A Python CLI for launching, tracking, and aggregating ML experiments across a local GPU cluster. YAML-configured sweeps, SQLite-backed metric and artifact tracking, automatic GPU pinning, and optional Docker containerization for reproducible environments.
Cut a typical experiment setup (spin up, pin GPUs, seed, start TensorBoard, copy configs, track results) from 20+ minutes of shell wrangling to ~30 seconds.
- YAML configs — single-run or full grid sweeps
- Local GPU scheduler with automatic GPU pinning via
CUDA_VISIBLE_DEVICES - SQLite tracking DB for runs, metrics, and artifacts (no server required)
- Docker integration for reproducible environments (optional)
- Sweep aggregation — summarize metrics across runs with
xrun summarize - Failure isolation — a crashing run doesn't kill the sweep
# Install
pip install -r requirements.txt
pip install -e . # makes `xrun` available; or use `python -m src.cli`
# Detect GPUs
xrun gpus
# => Detected GPUs: [0, 1, 2, 3]
# Launch an experiment or sweep
xrun run examples/sample_experiment/experiment.yaml
# List recent runs
xrun list --name mnist_mlp --limit 10
# Inspect a single run
xrun show mnist_mlp_abc12345
# Aggregate across all runs with a name prefix
xrun summarize --name mnist_mlp# examples/sample_experiment/experiment.yaml
base:
name: mnist_mlp
command: "python train.py --cfg {cfg} --out {artifacts_dir}"
resources:
gpus: 1
artifacts_dir: "runs/{name}/{run_id}"
params:
epochs: 10
batch_size: 64
sweep:
lr: [1.0e-3, 5.0e-3, 1.0e-2]
hidden: [64, 128, 256]Launch the 9-run grid (3 × 3):
xrun run examples/sample_experiment/experiment.yaml --max-concurrent 2The scheduler runs 2 experiments at a time, pinning each to its own GPU.
Add a docker: block to the config to run each experiment inside a container:
base:
name: resnet_ablation
command: "python train.py --cfg {cfg}"
docker:
image: "pytorch/pytorch:2.2.0-cuda12.1-cudnn8-runtime"
gpus: 1
mounts:
- "/data/imagenet:/data/imagenet:ro"
env:
PYTHONUNBUFFERED: "1"
resources:
gpus: 1Every run now starts a fresh container, mounts the workdir at /workspace, and
passes GPU access via --gpus device=N.
The SQLite database (default experiments.db) stores:
runs -- run_id, name, config_json, status, started_at, ended_at, exit_code, gpu_ids, ...

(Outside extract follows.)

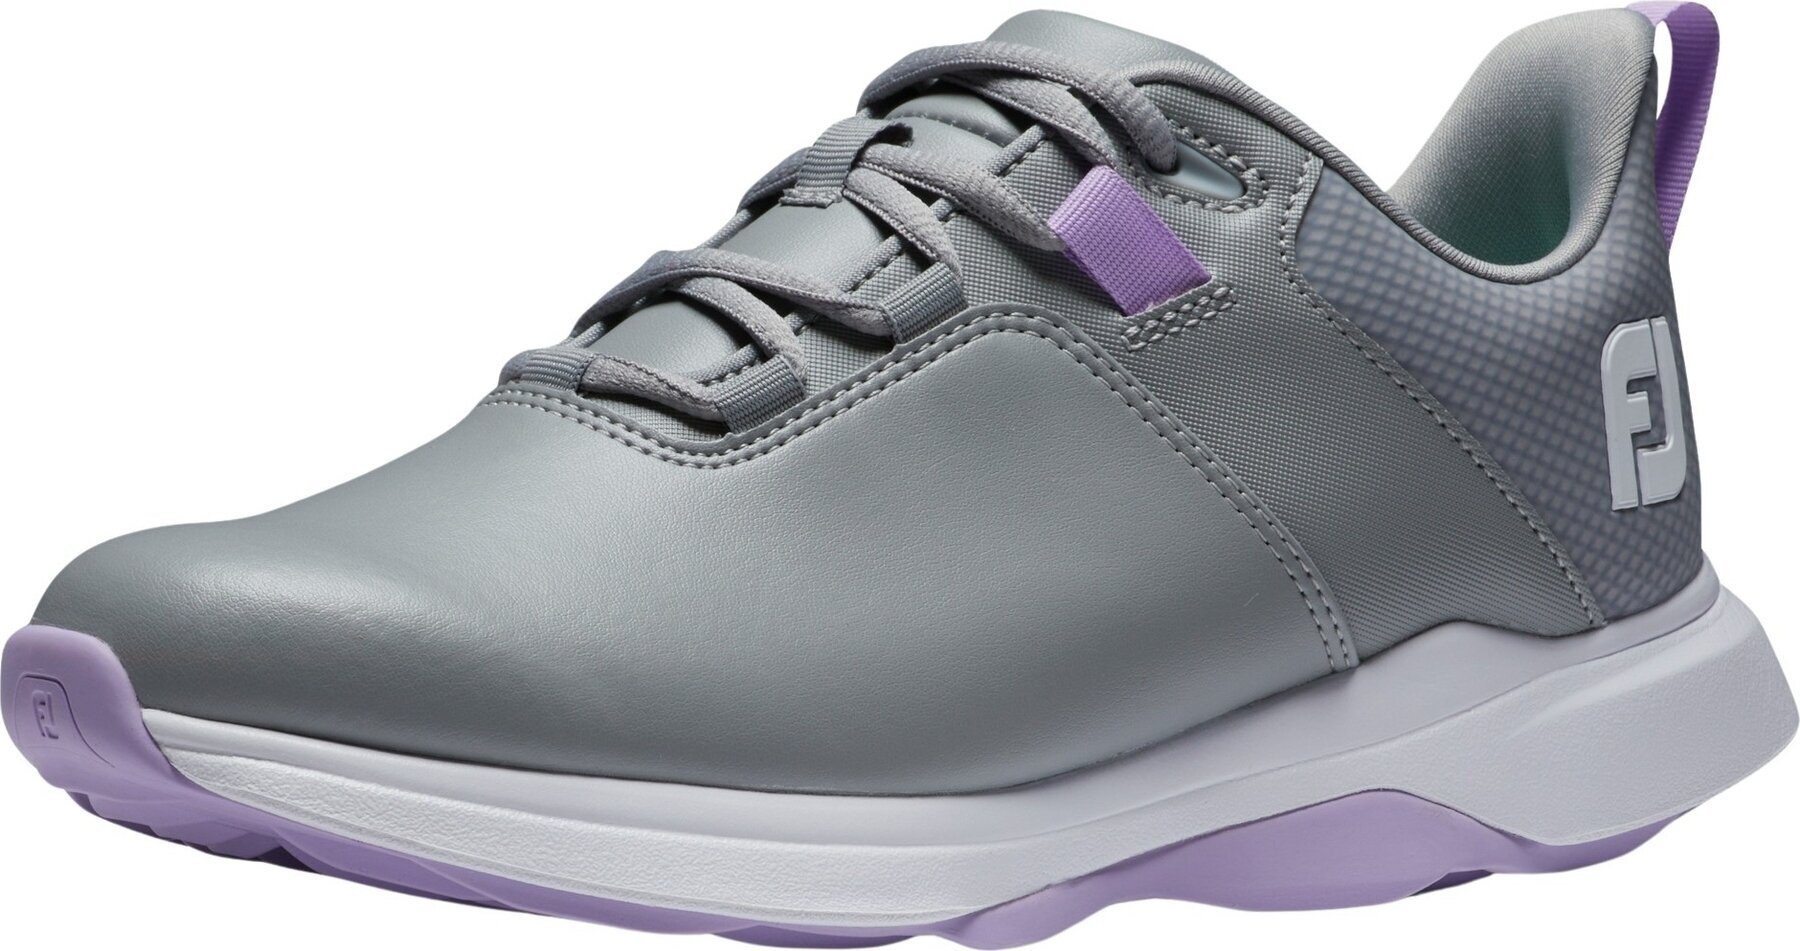 Γυναικείο Παπούτσι για Γκολφ Footjoy ProLite Womens Golf Shoes Grey/Lilac 40,5

metrics -- run_id, key, value, step, wall_time
artifacts -- run_id, name, path, size_bytes, registered_atThe experimenter's train.py can log metrics from inside the container:
from src.tracking import ExperimentStore
store = ExperimentStore("/workspace/experiments.db")
store.log_metric(run_id, "val_auc", 0.812, step=epoch)
store.register_artifact(run_id, "checkpoint", "/workspace/runs/ckpt.pt")src/
cli.py Click-based CLI (`xrun`)
config.py YAML config + sweep expansion (pydantic)
scheduler.py Local GPU pool + job scheduler (threaded)
docker_env.py `docker run` command builder
tracking.py SQLite experiment store
tests/
test_config.py Sweep expansion tests
test_tracking.py Metrics + summarize tests
examples/sample_experiment/
experiment.yaml 3-way × 2-way grid demo
train.py Minimal training script (no GPU required)
- Why not MLflow / W&B? Those are great but require a server, account, or
network.
xrunis a single-file SQLite backend that runs purely locally. - Why not Ray Tune / Optuna? Different purpose — Tune is for optimizing
hyperparameters with adaptive schedulers.
xrunis for running a manual grid or ad-hoc experiment and tracking the results. - Why not SLURM? SLURM is great for large shared clusters.
xruntargets the local-GPU-box or small team case where SLURM is overkill.
- Single-host only. Scale-out would require an RPC layer over
scheduler.py. - Scheduler uses Python threads (fine for launching subprocesses), not async.
experiments.dbis SQLite — fine for thousands of runs, not millions.- GPU detection relies on
nvidia-smi; CPU-only machines fall back to runningmax_concurrentjobs in parallel without GPU pinning.